В конце концов Мигунов выключил телевизор. Он больше не мог.
Что стало со страной, с людьми? Они ослепли? Оглохли? Потеряли разум?.. Зал Государственной Думы почти пустой — видать, у законодателей есть более важные дела, они их и решают. Что стало с законом? Доведенная до абсурда и явно избирательная «гуманность» превратила его из карающего меча в мухобойку. Да при таком сверхлояльном отношении Мигунову должны были присудить два года условно с какой-нибудь полувековой отсрочкой! И — все!
Почему с заслуженным полковником так несправедливо обошлись?
Он не мог этого понять. Убийства Дрозда и Катранова фактически не доказали, приговор основан на догадках следствия, которые, как известно, к делу не пришьешь… А его так называемая шпионская деятельность… Он был жертвой обстоятельств, как они этого не понимают! Да и все эти сведения ни для кого не были тайной — вон, Ассанж с его «Викиликсом» куда более серьезные вещи выставлял в Интернете, и в куда больших объемах! Так его героем считают!
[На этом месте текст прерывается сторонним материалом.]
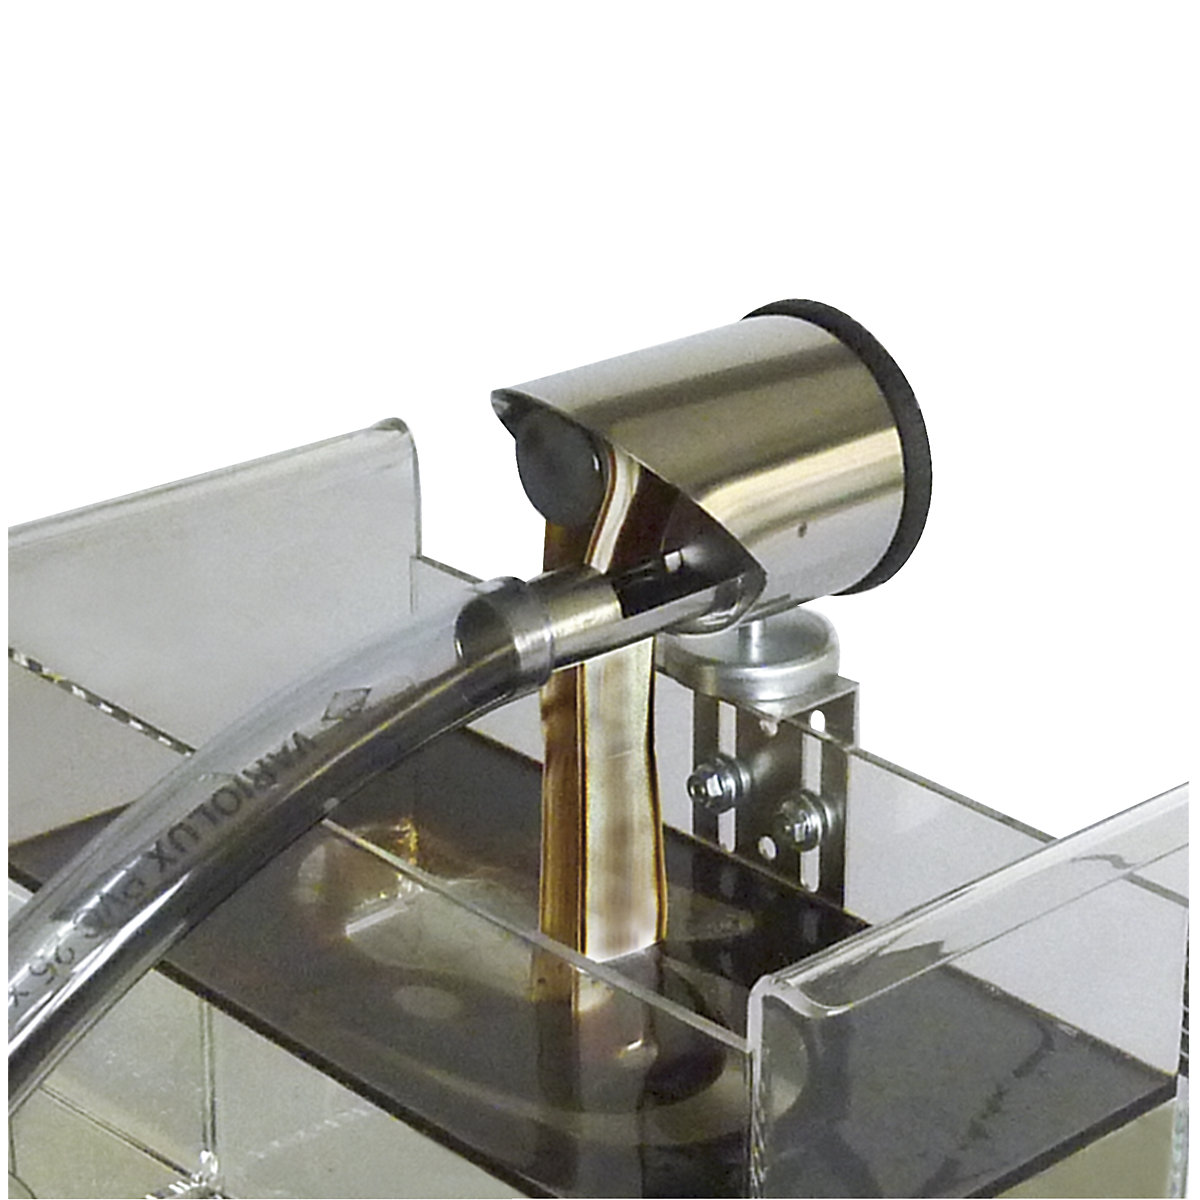 Band-olieskimmer met magneetvoet (Productafbeelding 15)-14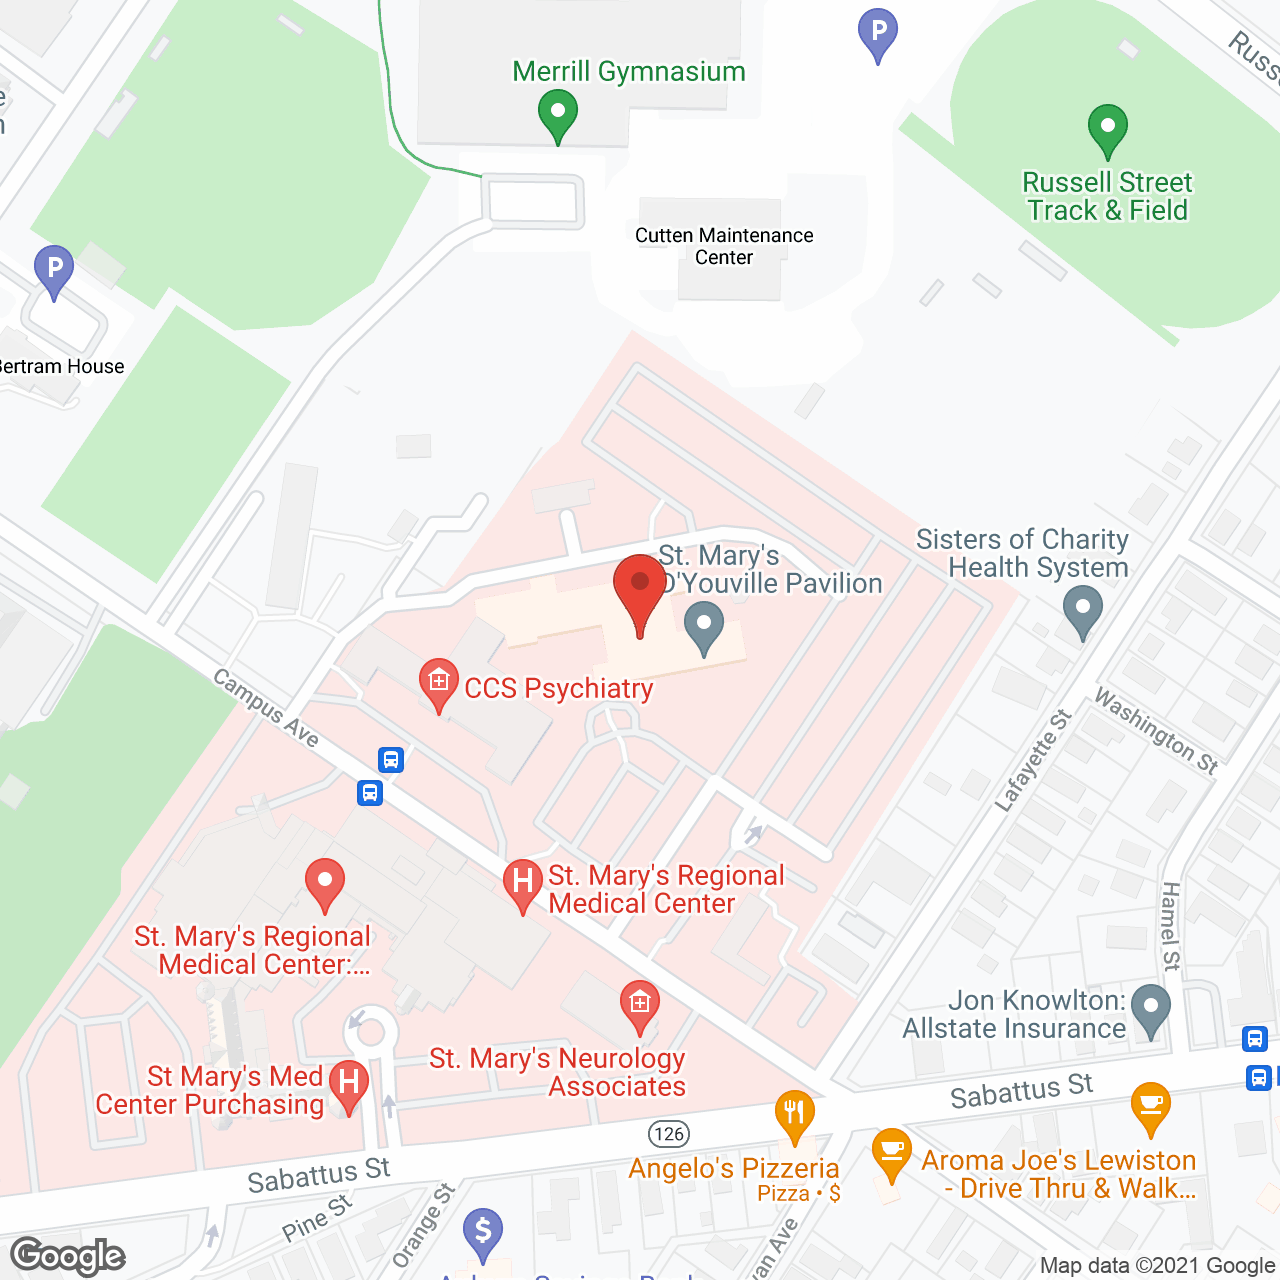 D'Youville Pavilion in google map

Мигунов возбужденно ходил по камере, то и дело натыкаясь на холодильник, который поставили сюда только два дня назад и к присутствию которого на пустовавшем прежде месте он не успел еще привыкнуть. Холодильник был битком набит продуктами, но ему ничего не хотелось. Еще совсем недавно один-единственный глоток «кока-колы» сделал бы его счастливым человеком. Сейчас этого было мало. Он хотел справедливости. Он хотел, чтобы ему вернули доброе имя и восемь лет жизни. Он знал, что, очутившись на свободе (а это произойдет обязательно, теперь он даже не сомневался), будет бороться… С кем или с чем, он пока что толком не знал. Он будет мстить. За свою поруганную честь, за разбитую семью, за вот эту изжогу и сердечную боль, за мысли, которые ему не дадут сегодня уснуть…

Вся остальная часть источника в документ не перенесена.